Print exactly the lines from the one that contains "Lexan Grasses fo" through the last line of the material, both included, and leave out all pictures.

* [Stored data]
☆ ☆ ☆

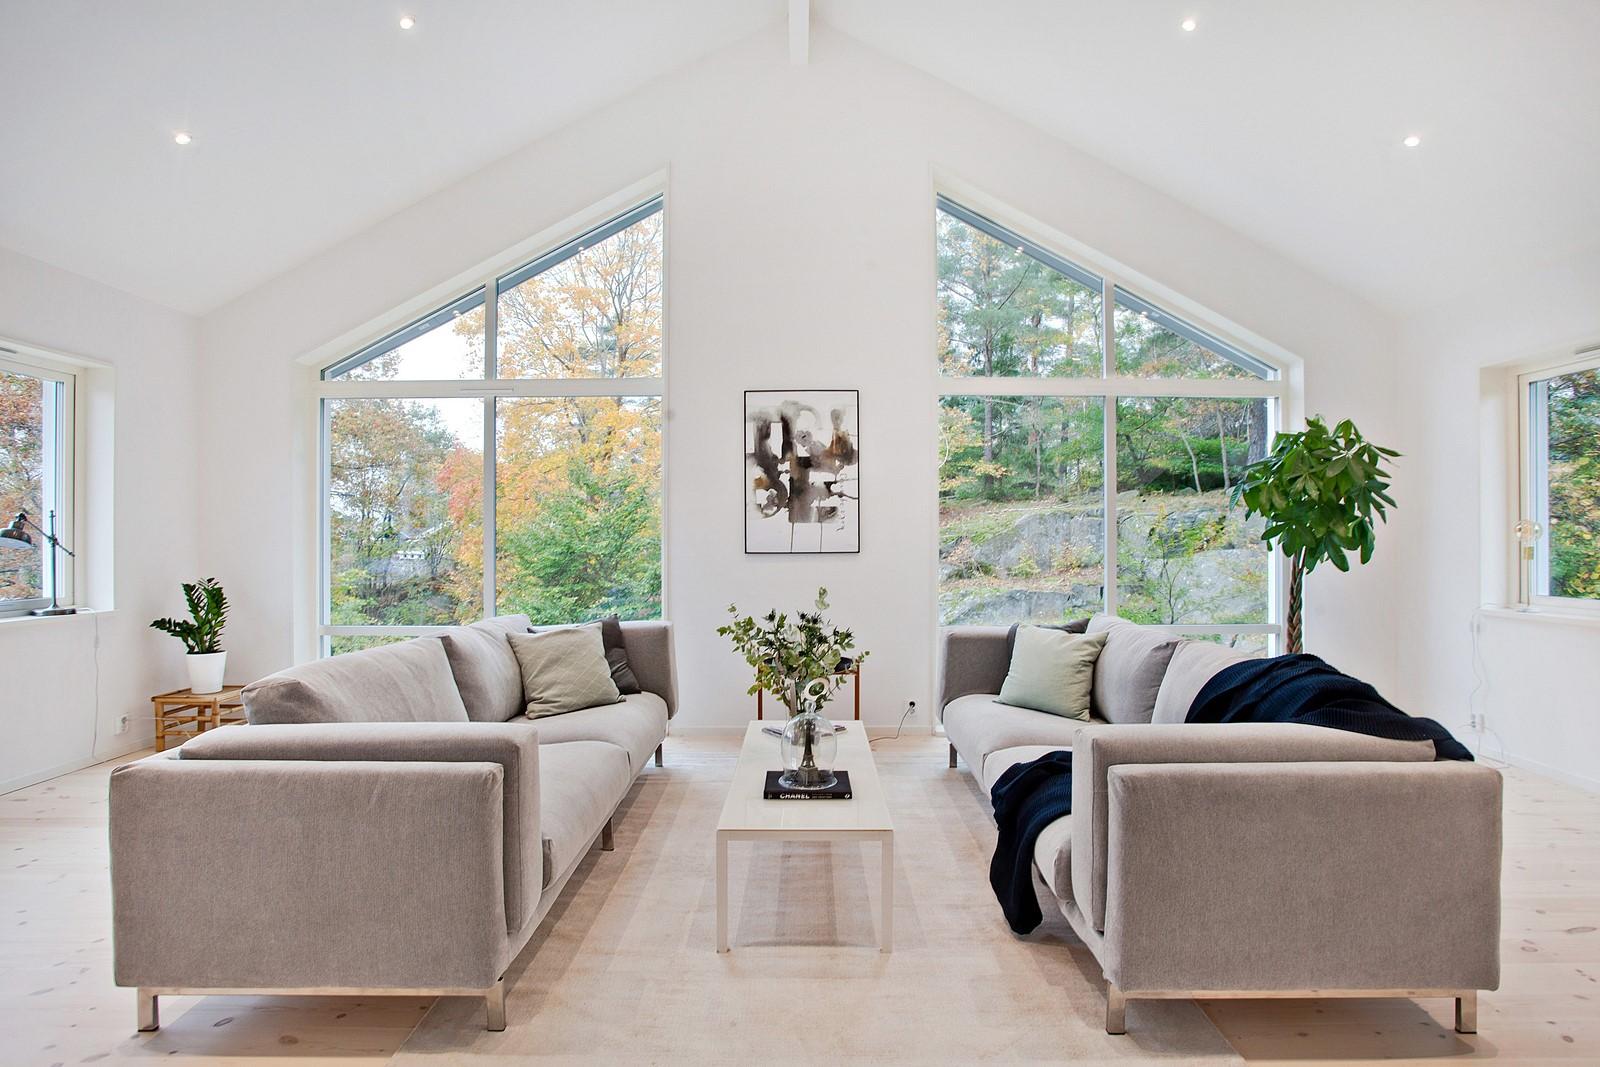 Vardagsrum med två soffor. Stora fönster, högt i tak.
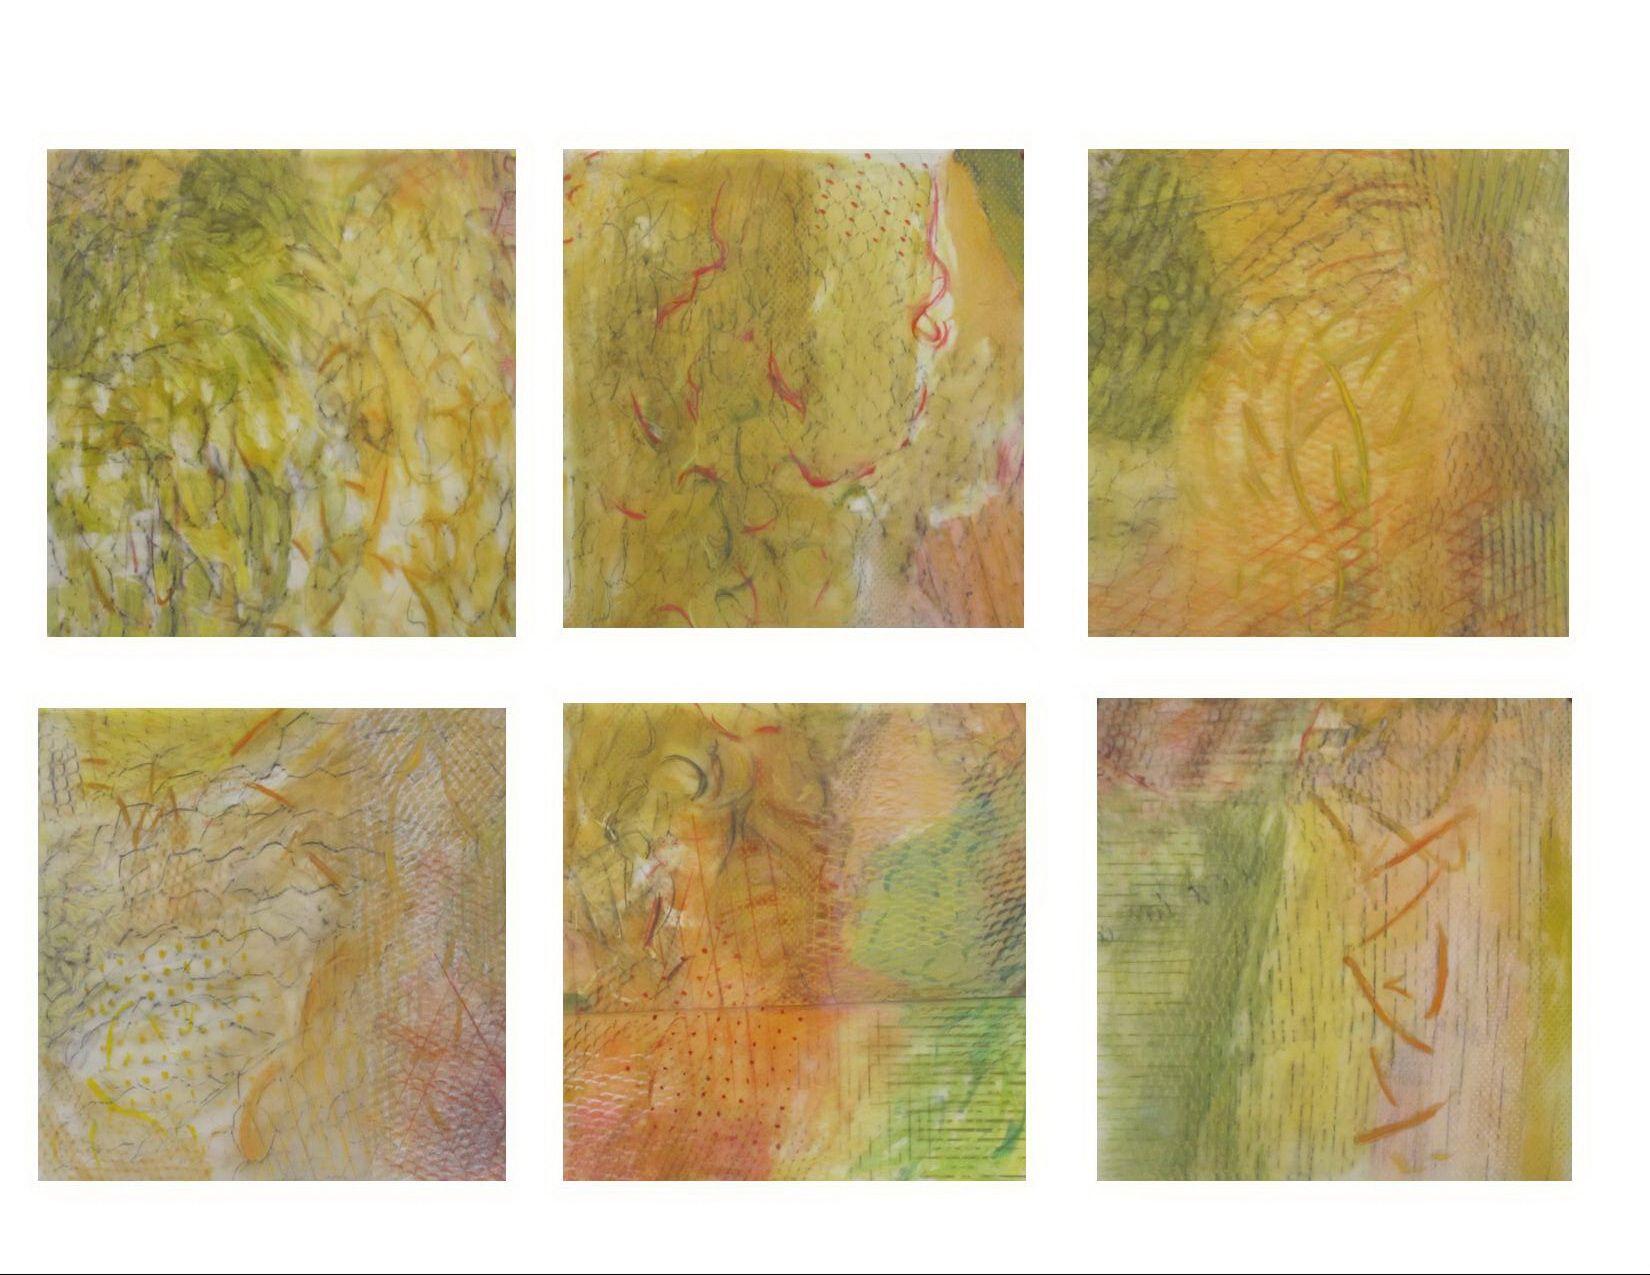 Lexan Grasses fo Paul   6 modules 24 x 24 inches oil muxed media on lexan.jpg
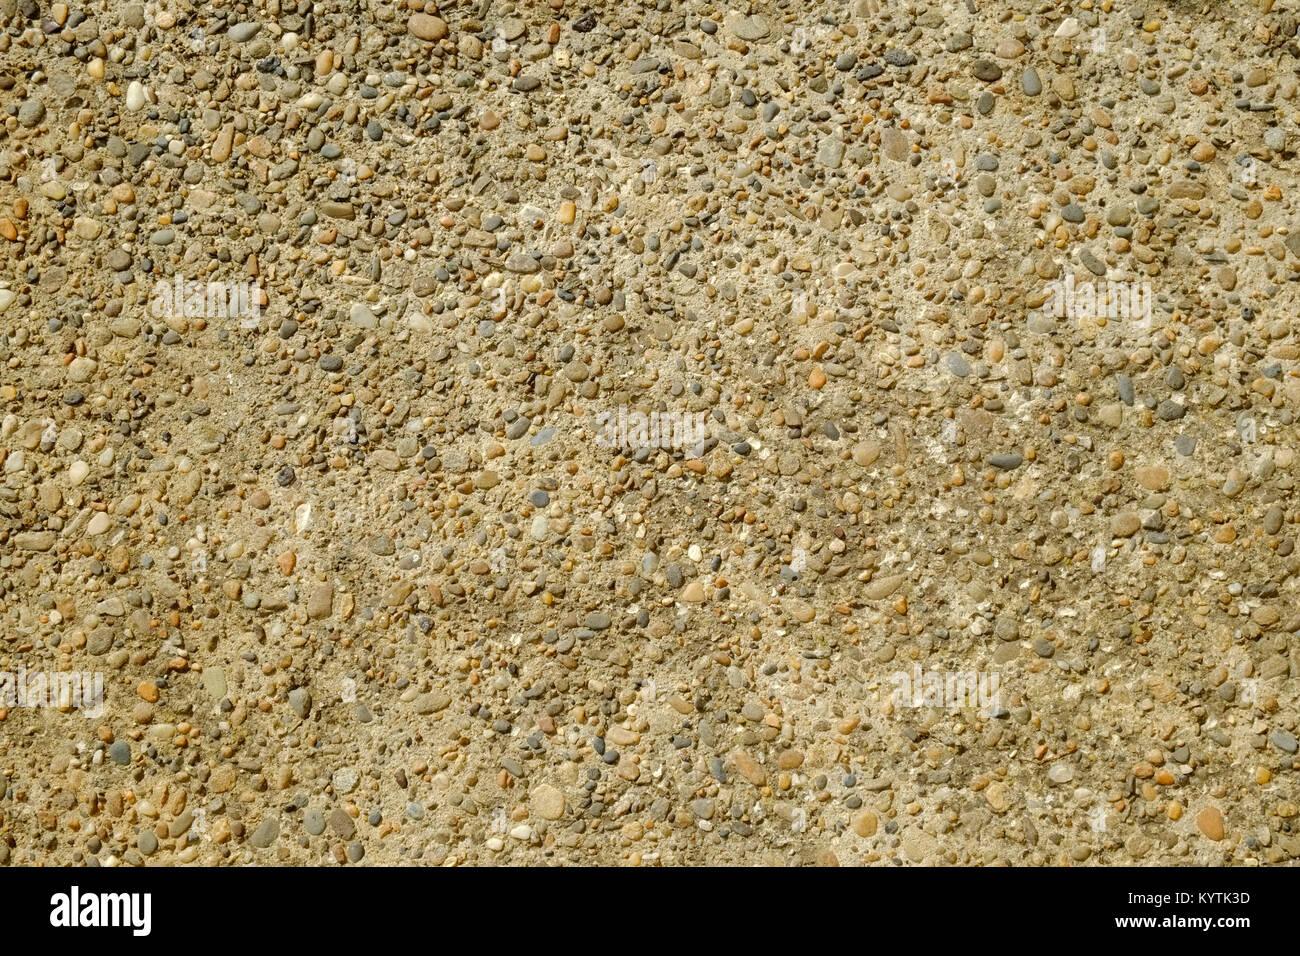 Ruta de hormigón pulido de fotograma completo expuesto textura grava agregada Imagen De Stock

☆ ☆ ☆

* [Answer for the task]
 Lexan Grasses fo Paul   6 modules 24 x 24 inches oil muxed media on lexan.jpg
 Ruta de hormigón pulido de fotograma completo expuesto textura grava agregada Imagen De Stock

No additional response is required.